SIEGEL: You can also get the hit "Mysterious Whisper" and, of course, who could forget Connie Francis singing.

LINNELL: That was us talking over it, actually. 

SIEGEL: We should explain that that's not on the CD itself, but at that very moment, after you had said that, on would come the next band and it would be this. You know, I've listened to that now several times over the past two days and I'm sure that I've heard a song almost exactly like that but I can't figure out... what time, what kind of artist...

FLANSBURGH: It was late at night, you've come home from a party.

LINNELL: That's right.

SIEGEL: ... when I must have heard a song like that.

FLANSBURGH: Yeah. I mean, one of the things about "Fingertips" that is kind of satisfying, you know — I hope it's satisfying for other people — is it does have this mysterious element of being incomplete. I mean, most rock songs are sort of way too complete, so it's nice to have something that just kind of...

LINNELL: Yeah. In a way it's kind of the logical extension of what we've been doing all along because we've always had really short pop songs that don't contain, you know, extra sections. We always trim off all the fat in our songs and so this is kind of like, you know, just taking it a step further.

FLANSBURGH: We've cut off the body and just left the brain in a jar.

LINNELL: That's right.

SIEGEL: Tell me a little bit about the song "Dinner Bell" and which of you, if either of you, or both of you, wrote it.

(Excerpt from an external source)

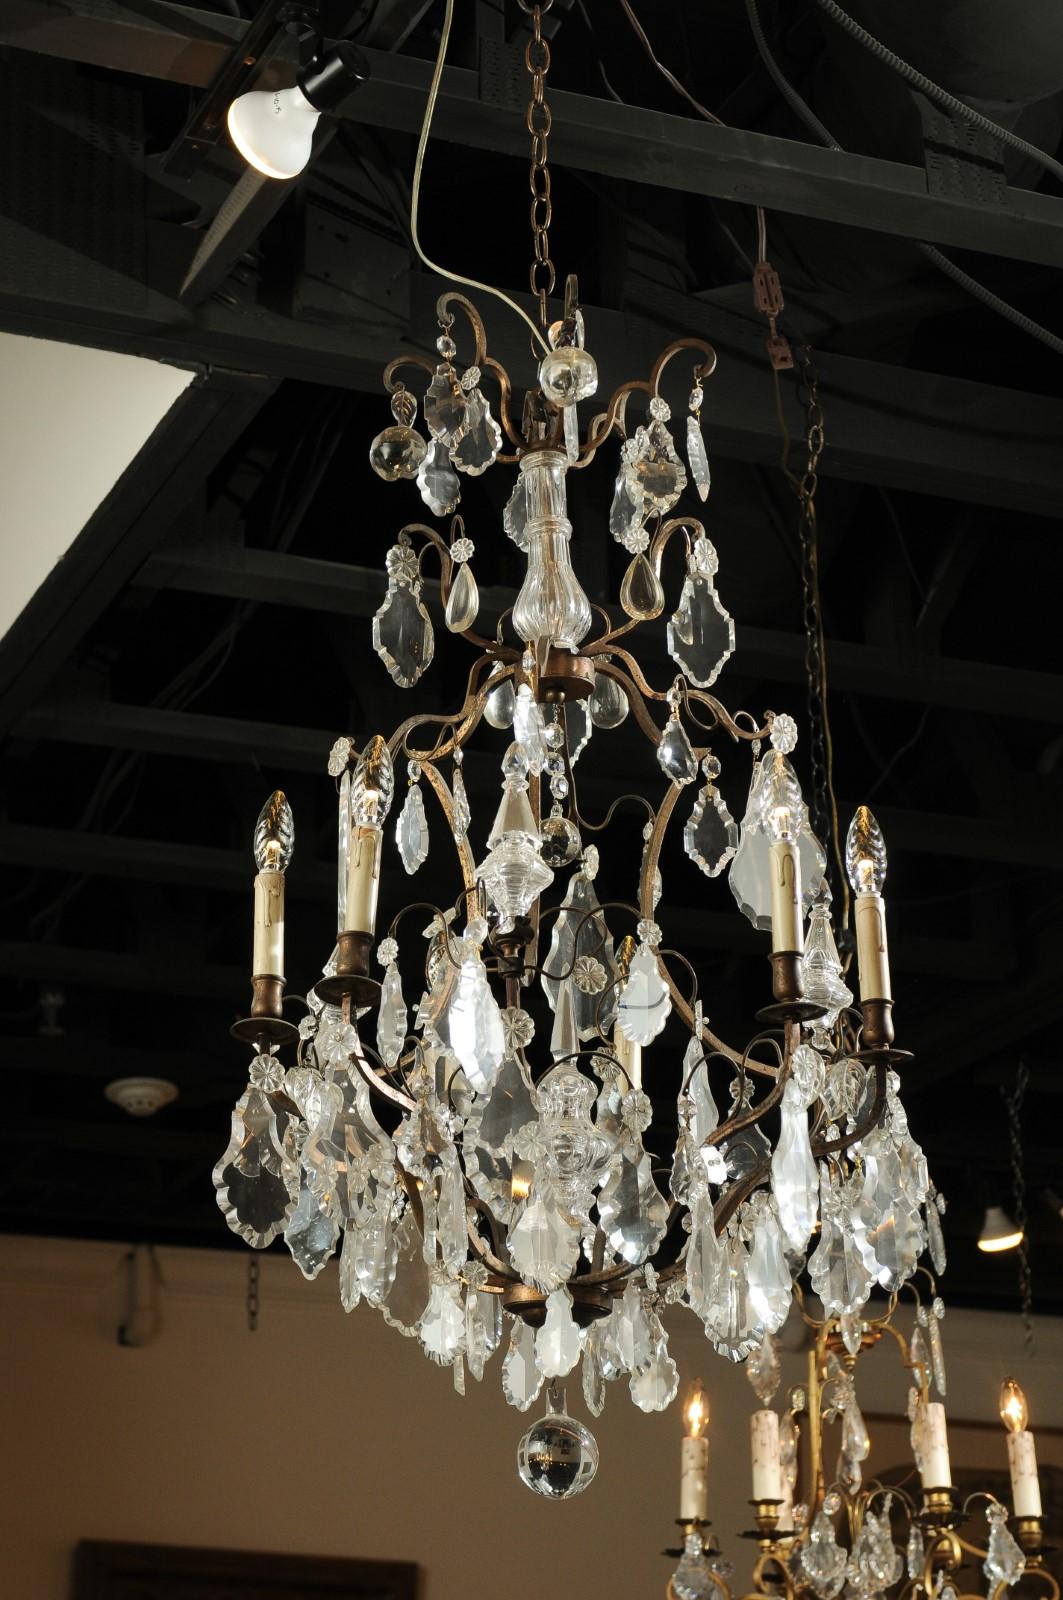 French Six-Light Crystal and Iron Chandelier with Obelisks, Late 19th Century For Sale 1

LINNELL: Okay, well, that was my song. We used to have a dinner bell in our house which was kind of a gag. It was just the standard use of a dinner bell but also like this Pavlov's dog kind of effect that you'd get. I think part of the problem with John and I is that we come up with this stuff and we don't really explain it to one another. We tend to work in this way where we have an idea that just sounds good to us and we don't think about what we're going to have to say to the NPR guy, you know?

SIEGEL: John Linnell and John Flansburgh, They Might Be Giants. The album is "Apollo 18." Are there some things that you really cannot imagine making a song about at all?

FLANSBURGH: No.

LINNELL: I think we'd really have a hard time doing a song that went "tonight, tonight, yeah, all right."